Stored data:

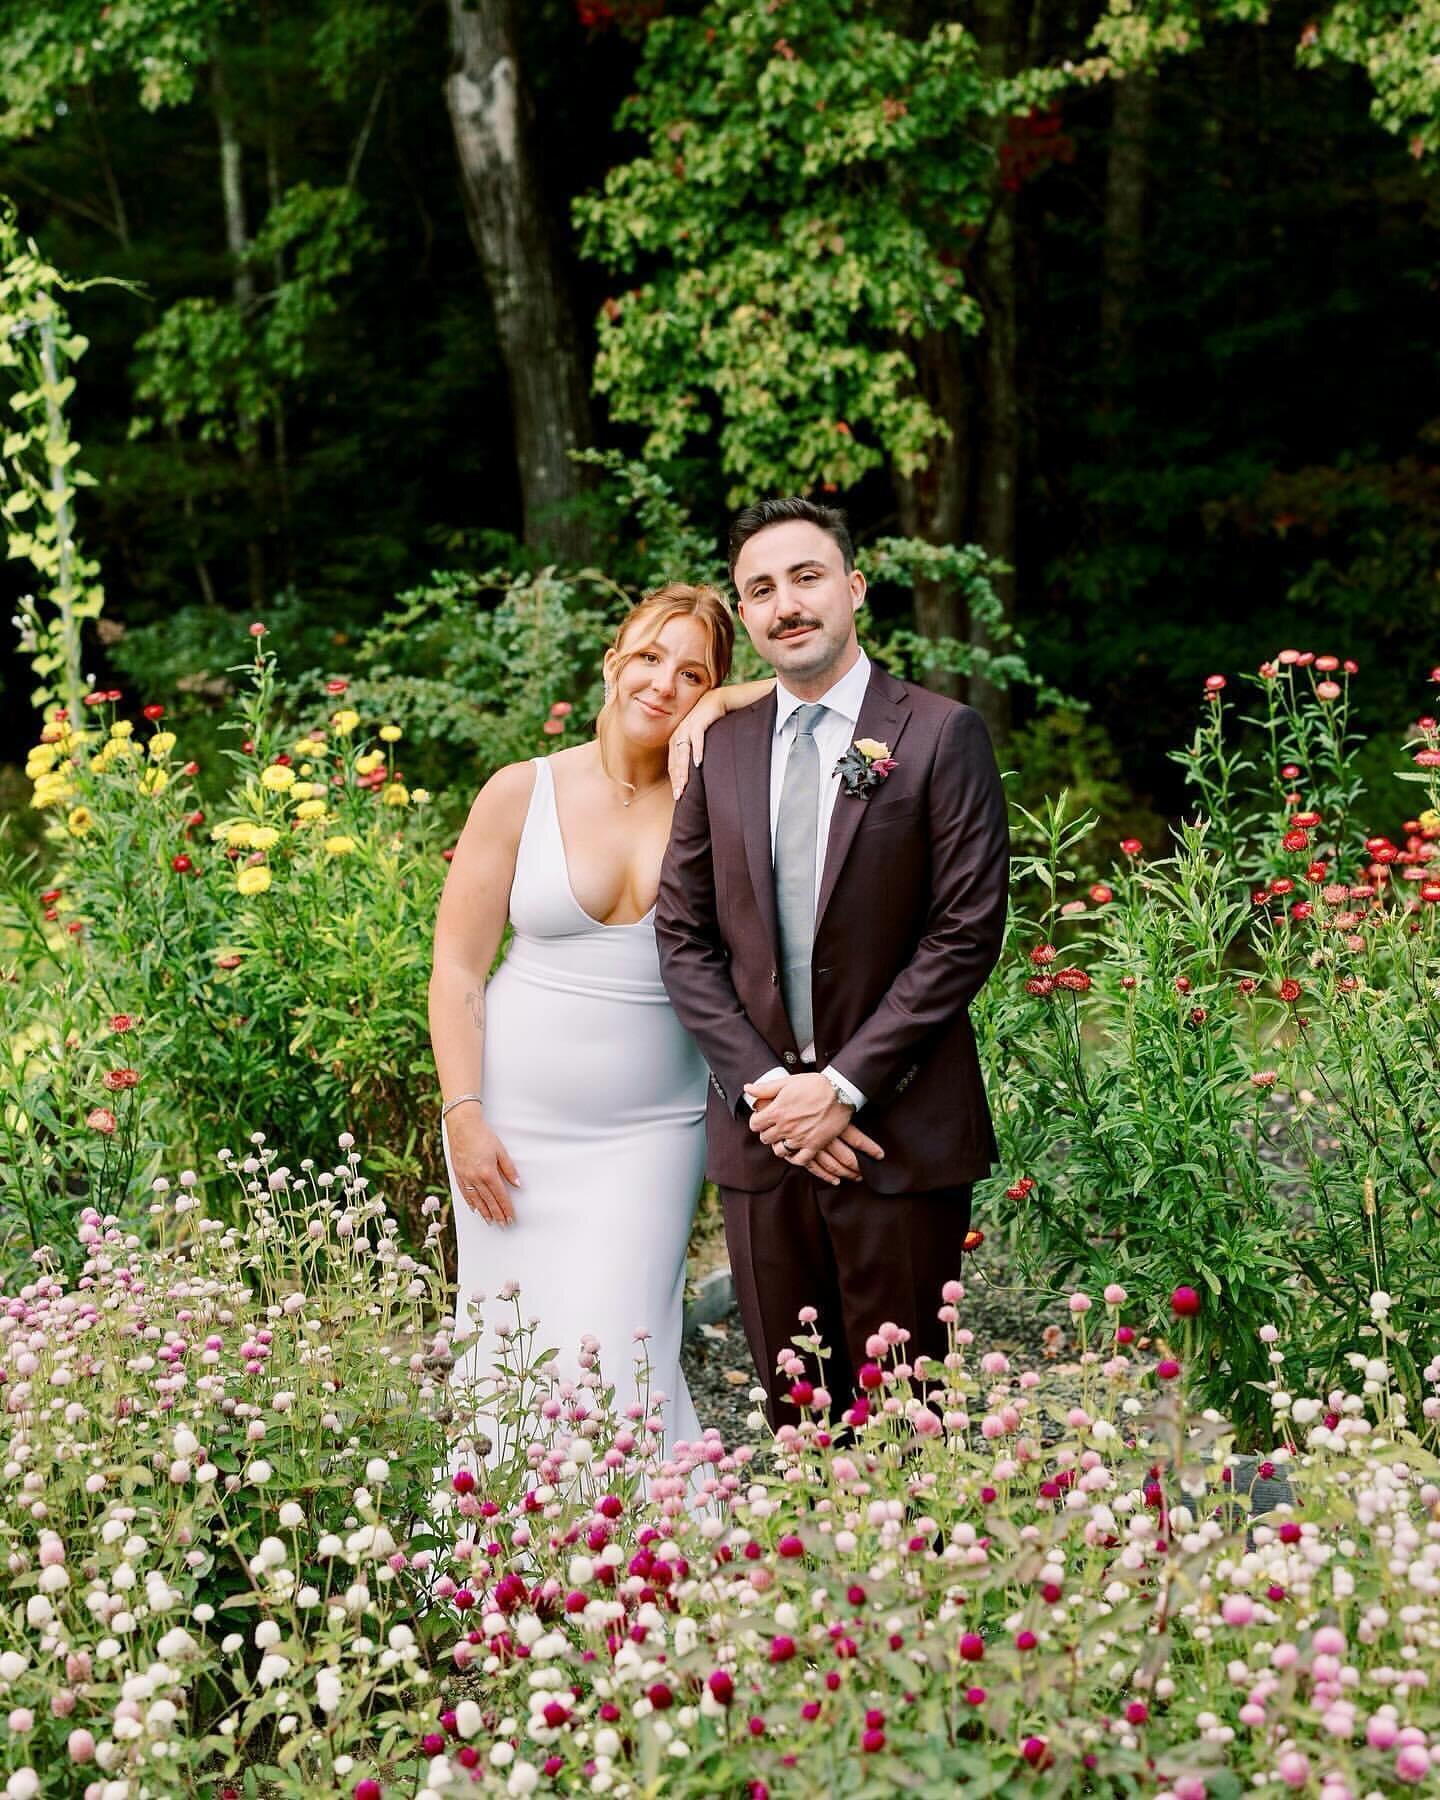 The Flower Garden makes for such beautiful photos! When we first built this garden we weren&rsquo;t sure exactly what it would be used for. Lauren + Garrett found its purpose for sure!
&bull;
📸 @theleightonco

Task instructions:
Without including a single picture, restate all of the data word for word.

Exercise solution:
 The Flower Garden makes for such beautiful photos! When we first built this garden we weren&rsquo;t sure exactly what it would be used for. Lauren + Garrett found its purpose for sure!
&bull;
📸 @theleightonco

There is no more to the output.